Brockport man confirmed at 72 - Catholic Courier

Brockport man confirmed at 72

ROCHESTER — James Waterman moved a lot as a child.

His mother raised him on her own, and he remembers moving from apartment to apartment several times. The family never really had a home parish, so confirmation was overlooked when he became a teenager, Waterman recalled. But as an adult, he continued to go to Mass and was a longtime parishioner of St. Jerome Parish in East Rochester before moving to Brockport two years ago.

Having often attended Mass at Sacred Heart Cathedral in his youth, Waterman participated in a retreat there last winter to prepare for the sacrament. He was confirmed at the cathedral on April 6

Waterman is 72.

"I just happened to be older than the bishop who serves the Diocese of Rochester," he joked of being confirmed by Bishop Salvatore R. Matano. "I was very excited about it. I thought it was a tremendous ceremony."

In the Rochester Diocese, the average candidate is confirmed at age 14, after undergoing a two-year preparation process, according to Mary Dundas, diocesan coordinator of evangelization and sacramental catechesis. That makes Waterman one of the oldest parishioners in the diocese to receive the sacrament, she said.

He certainly was the oldest person to be sponsored by Deacon Christopher Fisher of Nativity of the Blessed Virgin Mary Parish in Brockport, which Waterman joined after moving to Brockport from East Rochester.

When he called the parish office last year to inquire about making his confirmation, the staff recommended that he enroll in the Rite of Christian Initiation of Adults program.

During the RCIA process, Waterman got to know Deacon Fisher, who oversees the program along with Nativity’s pastor, Father Joseph McCaffrey. Waterman said he decided Deacon Fisher would be a good sponsor to help him through his faith journey. The deacon noted that Waterman initially wondered whether the RCIA program was the right place for him, but he continued attending the sessions.

"We welcomed him into our RCIA program so he’d get a better understanding of his faith, which is what he was looking for in preparation to get him confirmed," the deacon remarked.

Waterman’s age was of interest to the group, which included two other adults, especially as he expressed such a strong desire to be confirmed, Deacon Fisher noted.

"As far as participation, (Waterman) did offer a lot of insight into his practice of his faith," he said.

That insight gave other members of the group some perspective regarding the changes that have taken place in the church since the Second Vatican Council, and also helped fulfill Waterman’s desire to better understand his faith, Deacon Fisher said.

Earlier this year, Waterman saw an advertisement in his parish bulletin for an adult confirmation retreat at the cathedral, and decided to participate to enhance his preparation for the sacrament.
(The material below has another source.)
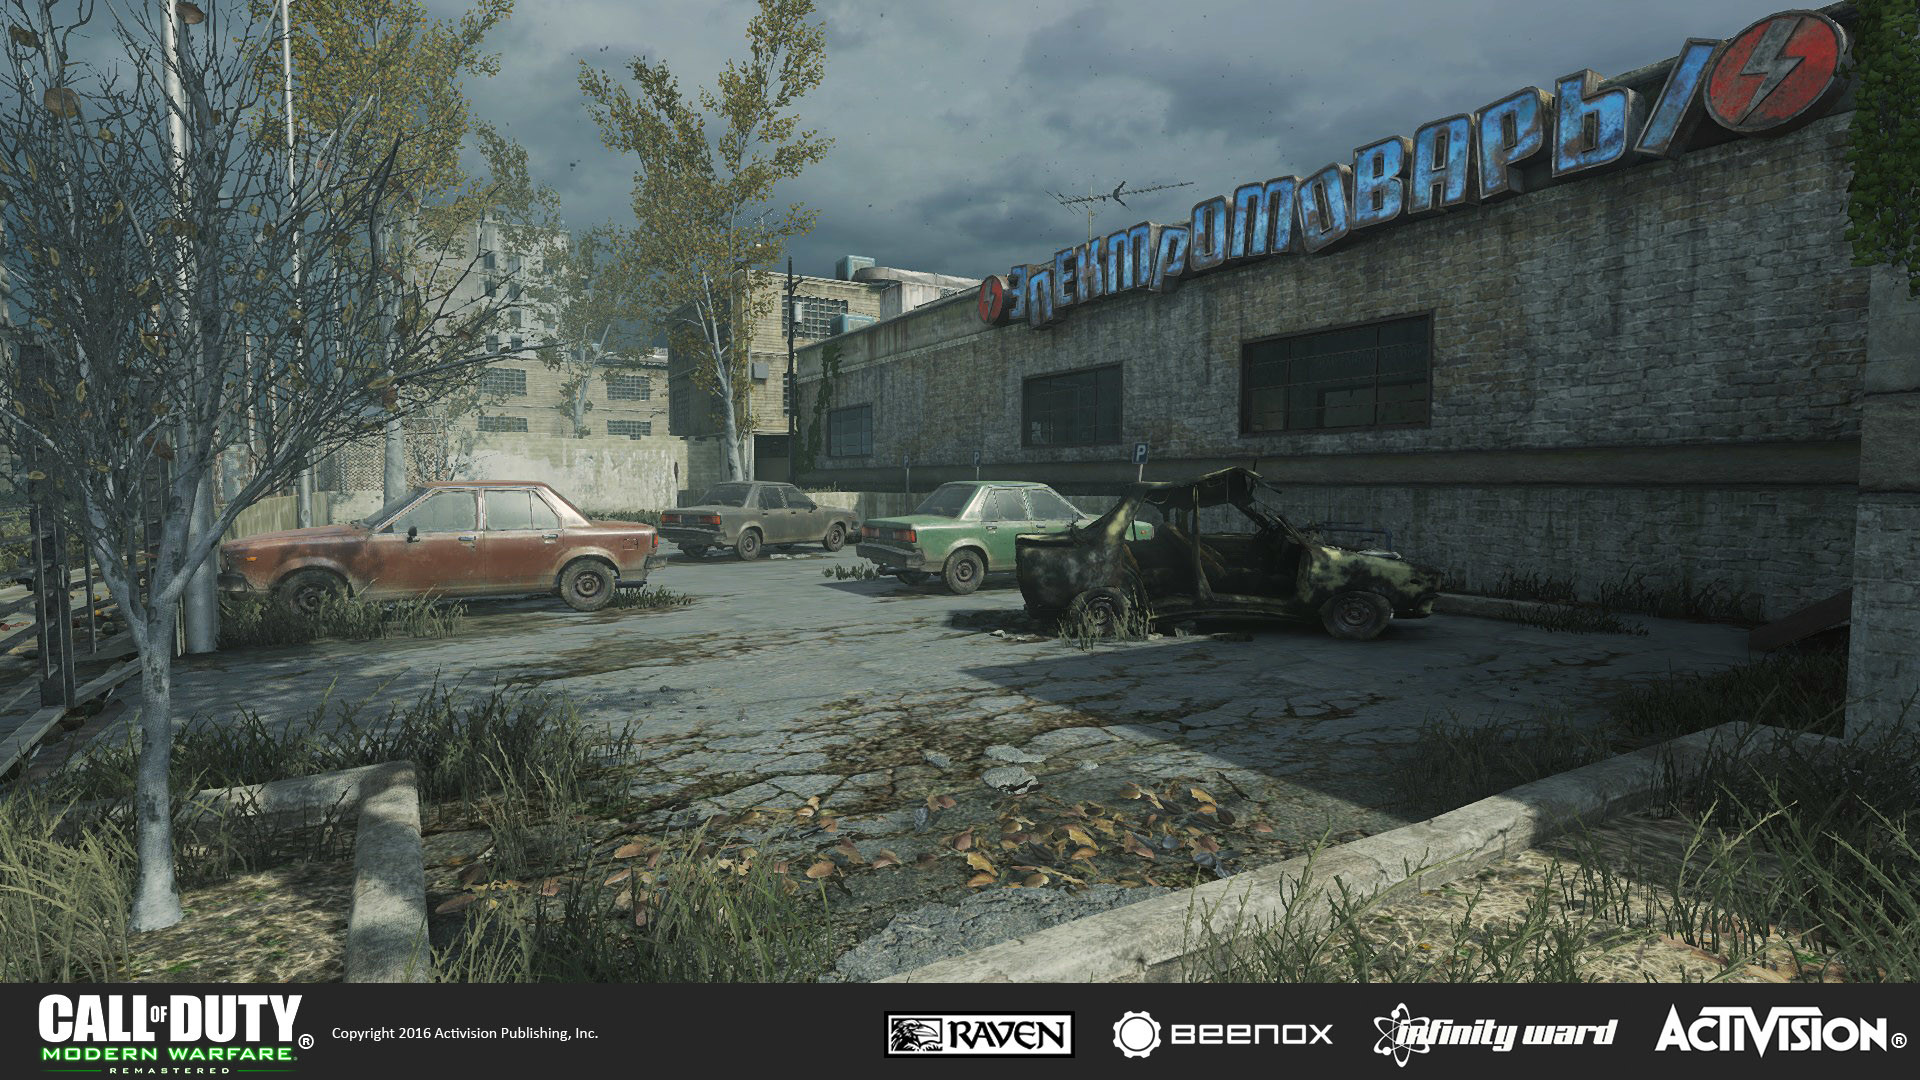 Will Petrosky - Call of Duty: Ghosts Multiplayer Map - Octane

He was one of six people, mostly young adults, who participated in the one-day retreat offered last February to baptized adults who have been practicing Catholics, explained Marianne Himmelsbach, the Cathedral Community’s faith-formation coordinator. Himmelsbach noted that in her work, she is finding other adults — though perhaps not as old as Waterman — who also never received the sacrament. The cathedral retreat was designed to catechize such adults who were caught in an "in-between stage," Himmelsbach added.

Waterman said the retreat helped provide a greater understanding of different aspects of the faith such as the gifts of the Holy Spirit, including wisdom, understanding and knowledge.

Upon being confirmed, Waterman said he hopes his greater knowledge of the faith will now help him better share it with others and evangelize as Pope Francis has asked all Catholics to do.

"All my life I’ve been telling everybody I’m a Catholic and you should be, but no one told me … how to preach," he said. "(Let’s) see if I have better luck now … with the benefits of having received the Holy Spirit."